Problem requirements: Please copy all of the data that follows exactly, leaving any pictures out.

Supplied information:

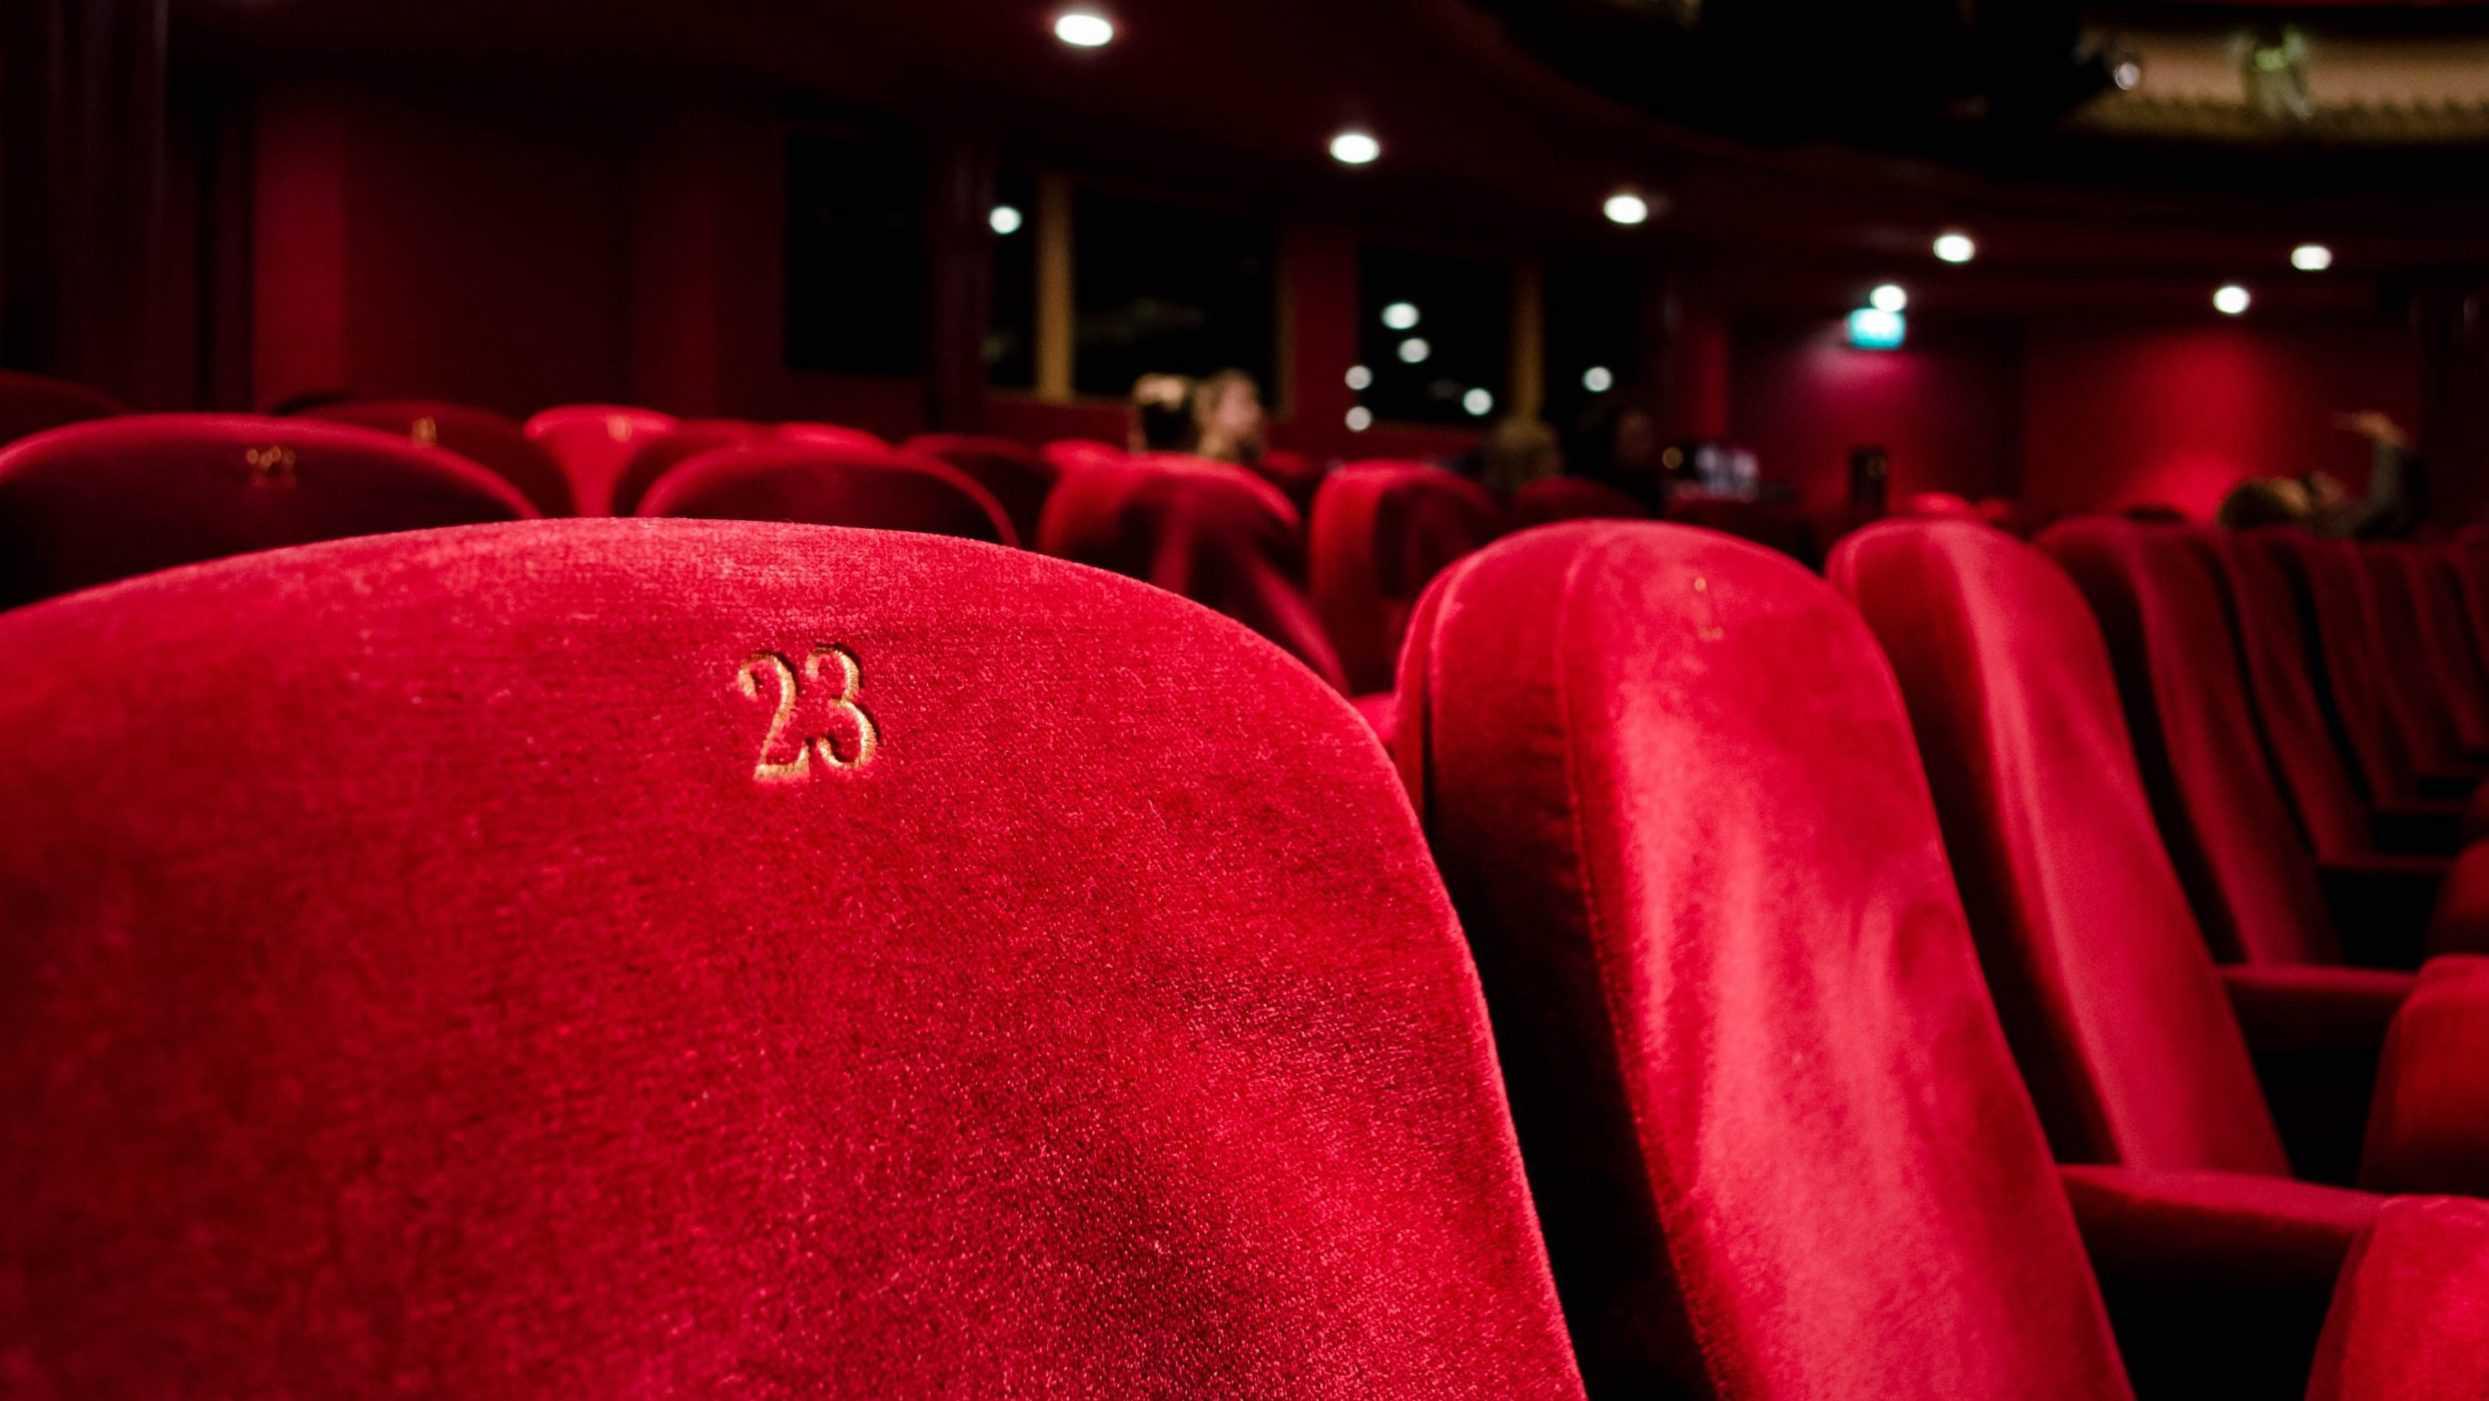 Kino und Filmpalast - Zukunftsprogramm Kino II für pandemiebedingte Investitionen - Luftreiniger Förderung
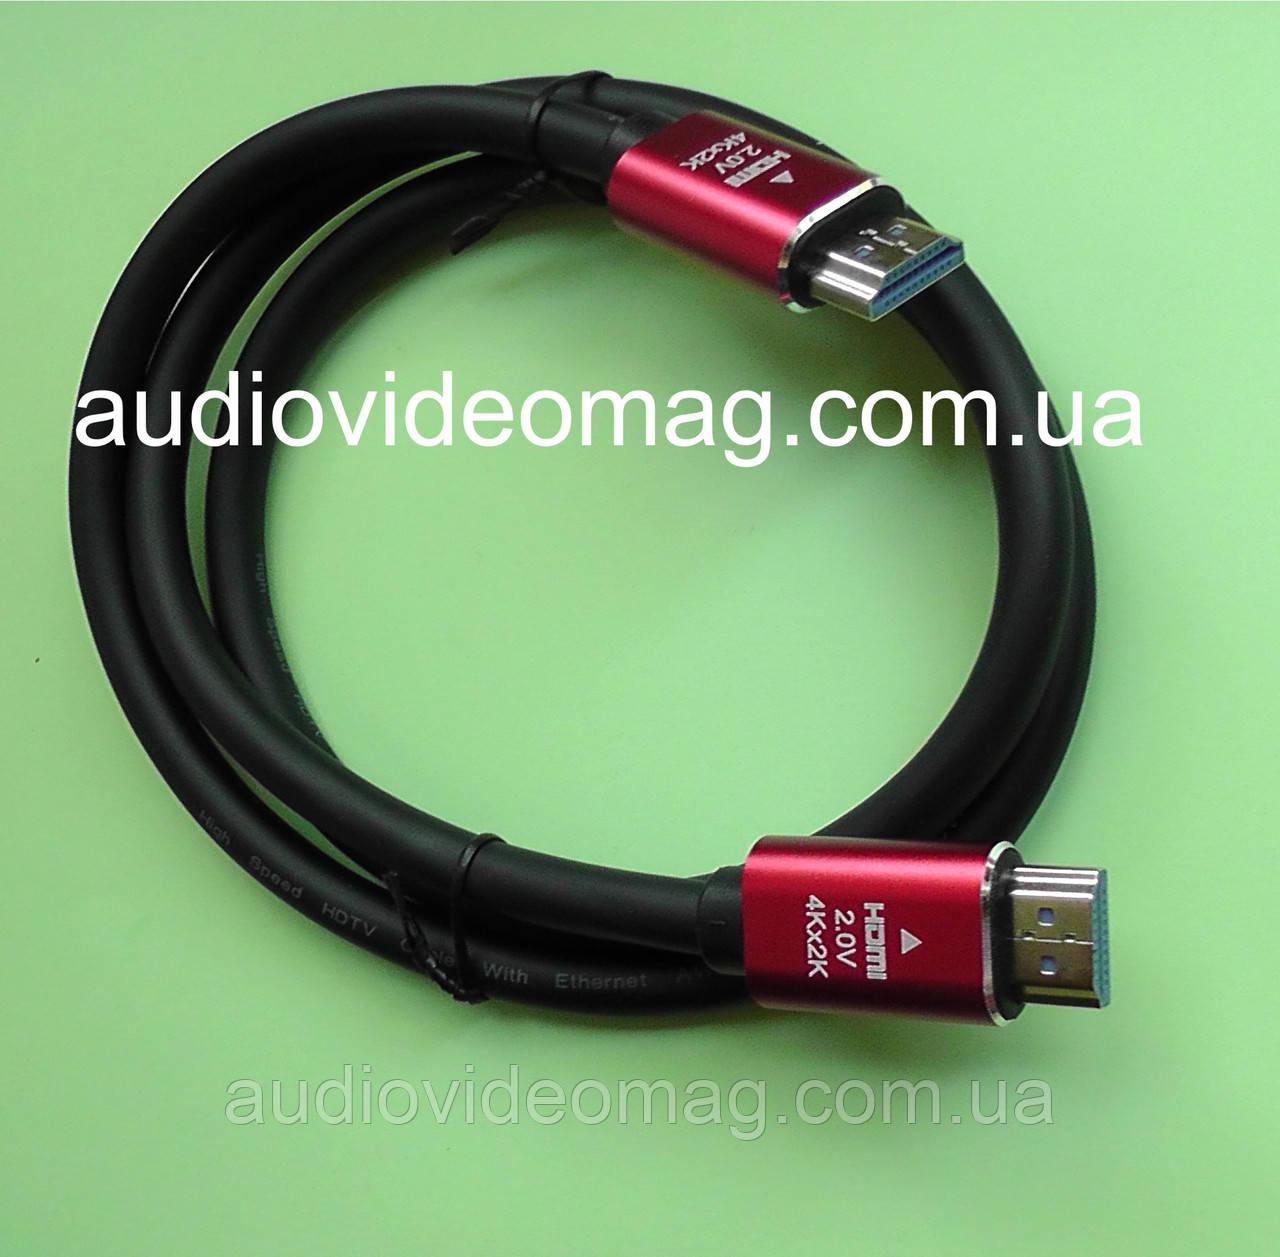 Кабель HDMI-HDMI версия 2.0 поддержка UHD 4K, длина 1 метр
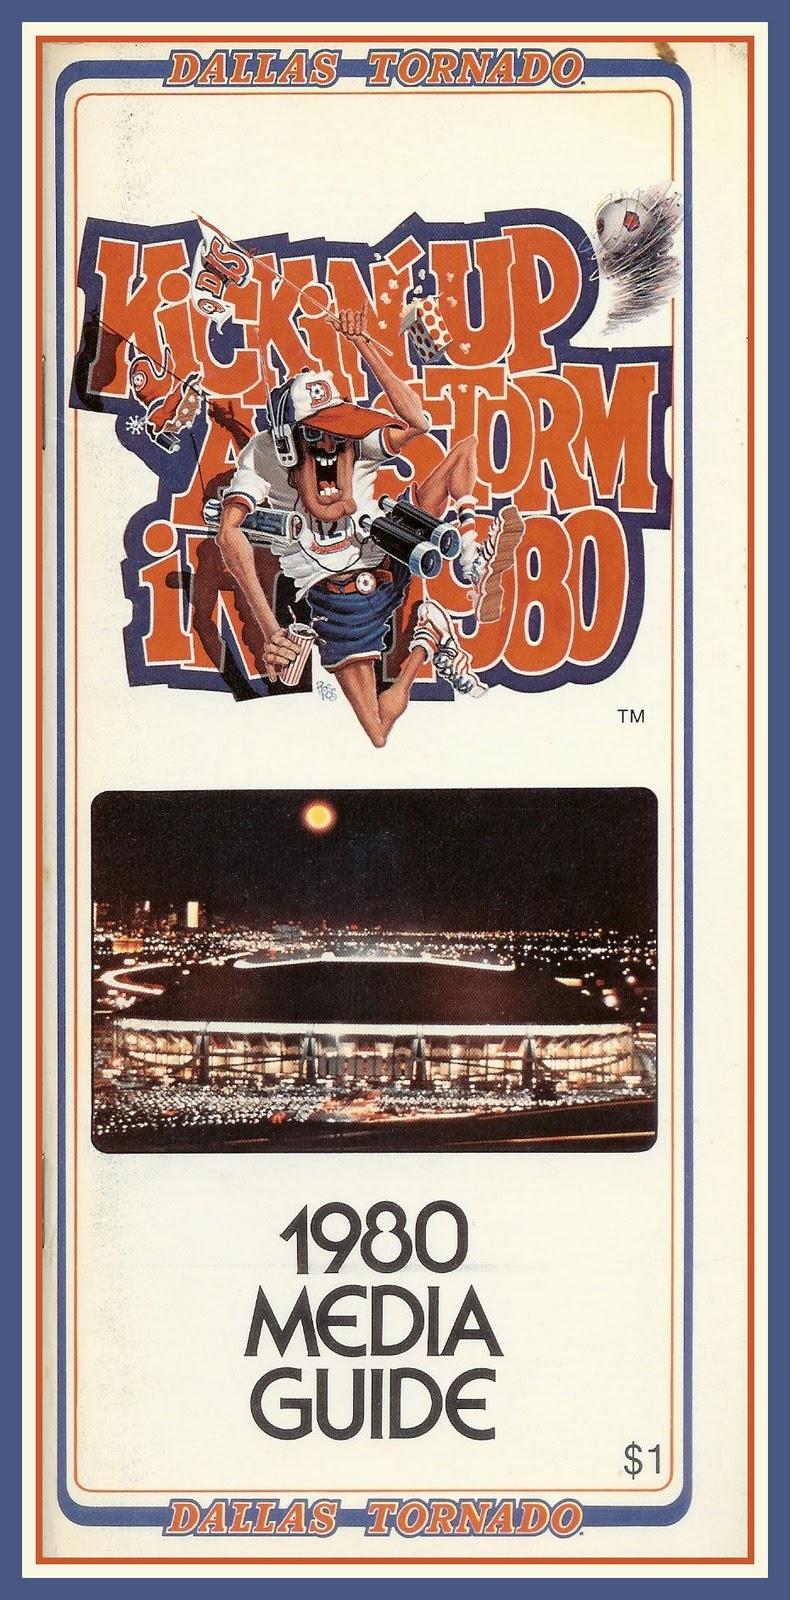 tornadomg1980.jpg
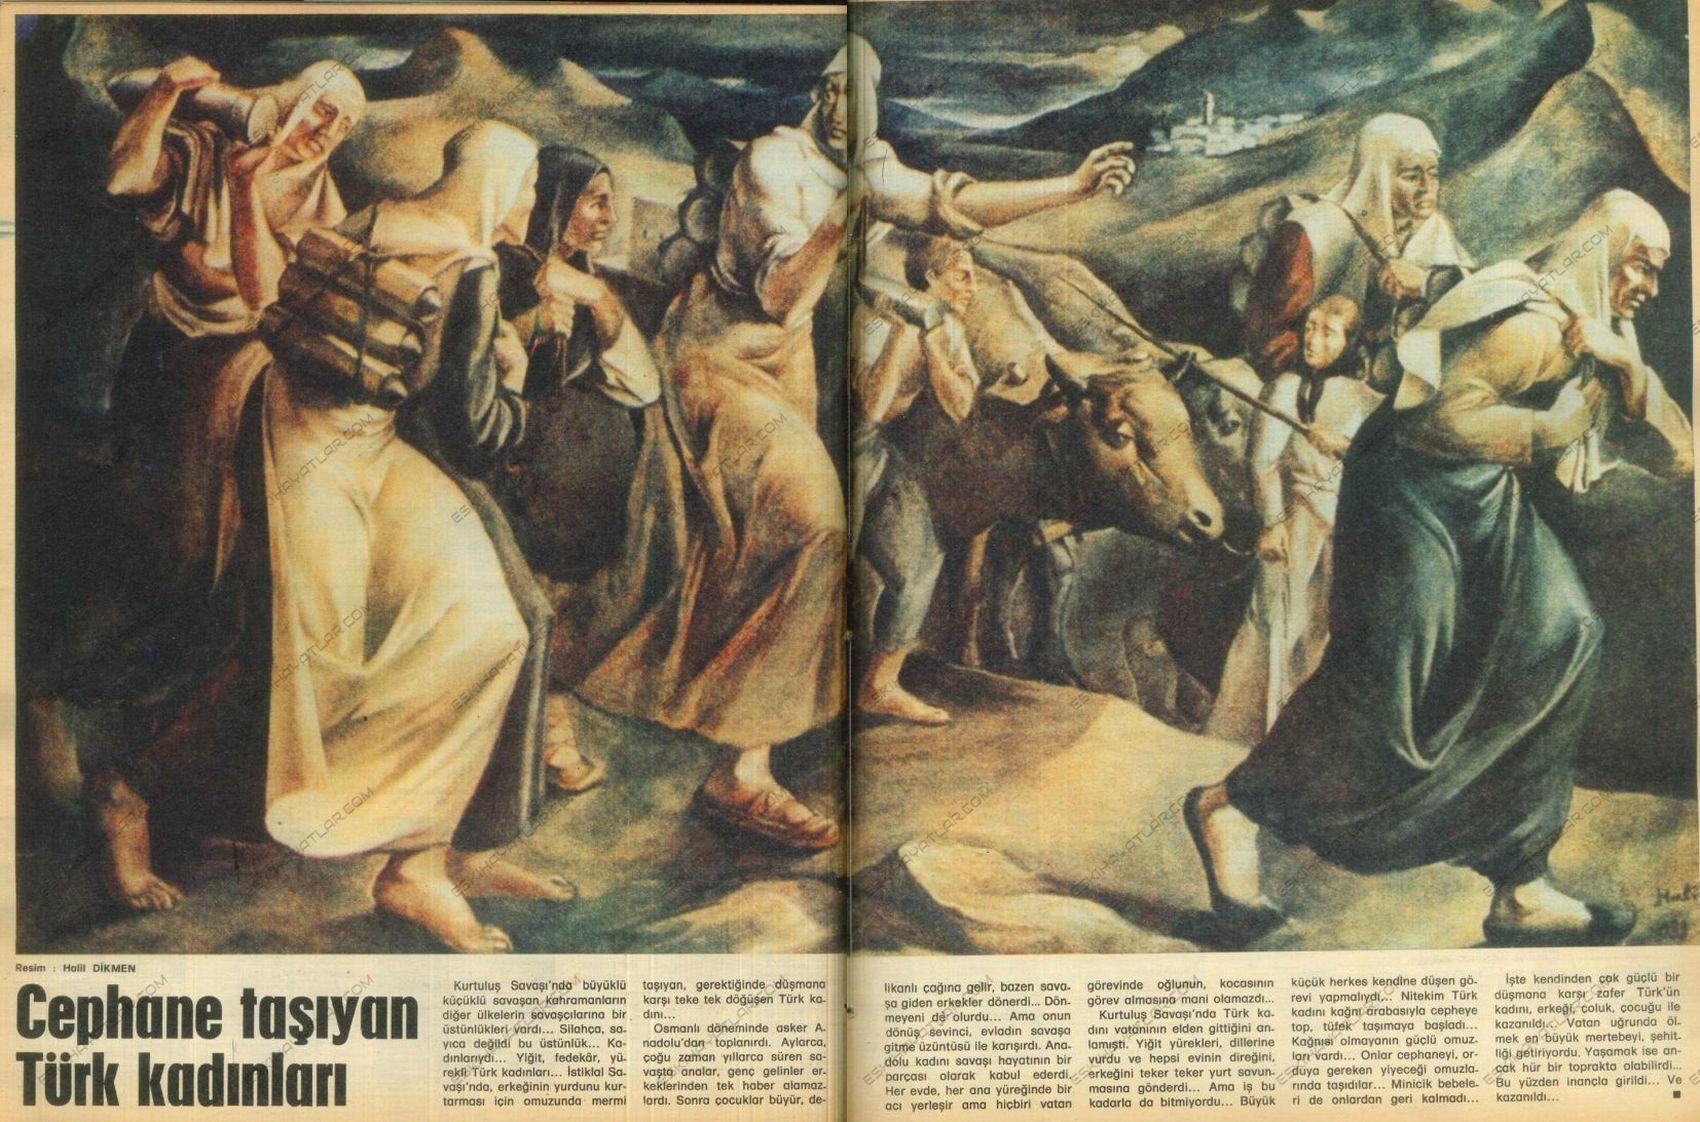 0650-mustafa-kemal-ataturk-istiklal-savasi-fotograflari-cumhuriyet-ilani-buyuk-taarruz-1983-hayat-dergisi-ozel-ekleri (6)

Solution:
 Kino und Filmpalast - Zukunftsprogramm Kino II für pandemiebedingte Investitionen - Luftreiniger Förderung
 Кабель HDMI-HDMI версия 2.0 поддержка UHD 4K, длина 1 метр
 tornadomg1980.jpg
 0650-mustafa-kemal-ataturk-istiklal-savasi-fotograflari-cumhuriyet-ilani-buyuk-taarruz-1983-hayat-dergisi-ozel-ekleri (6)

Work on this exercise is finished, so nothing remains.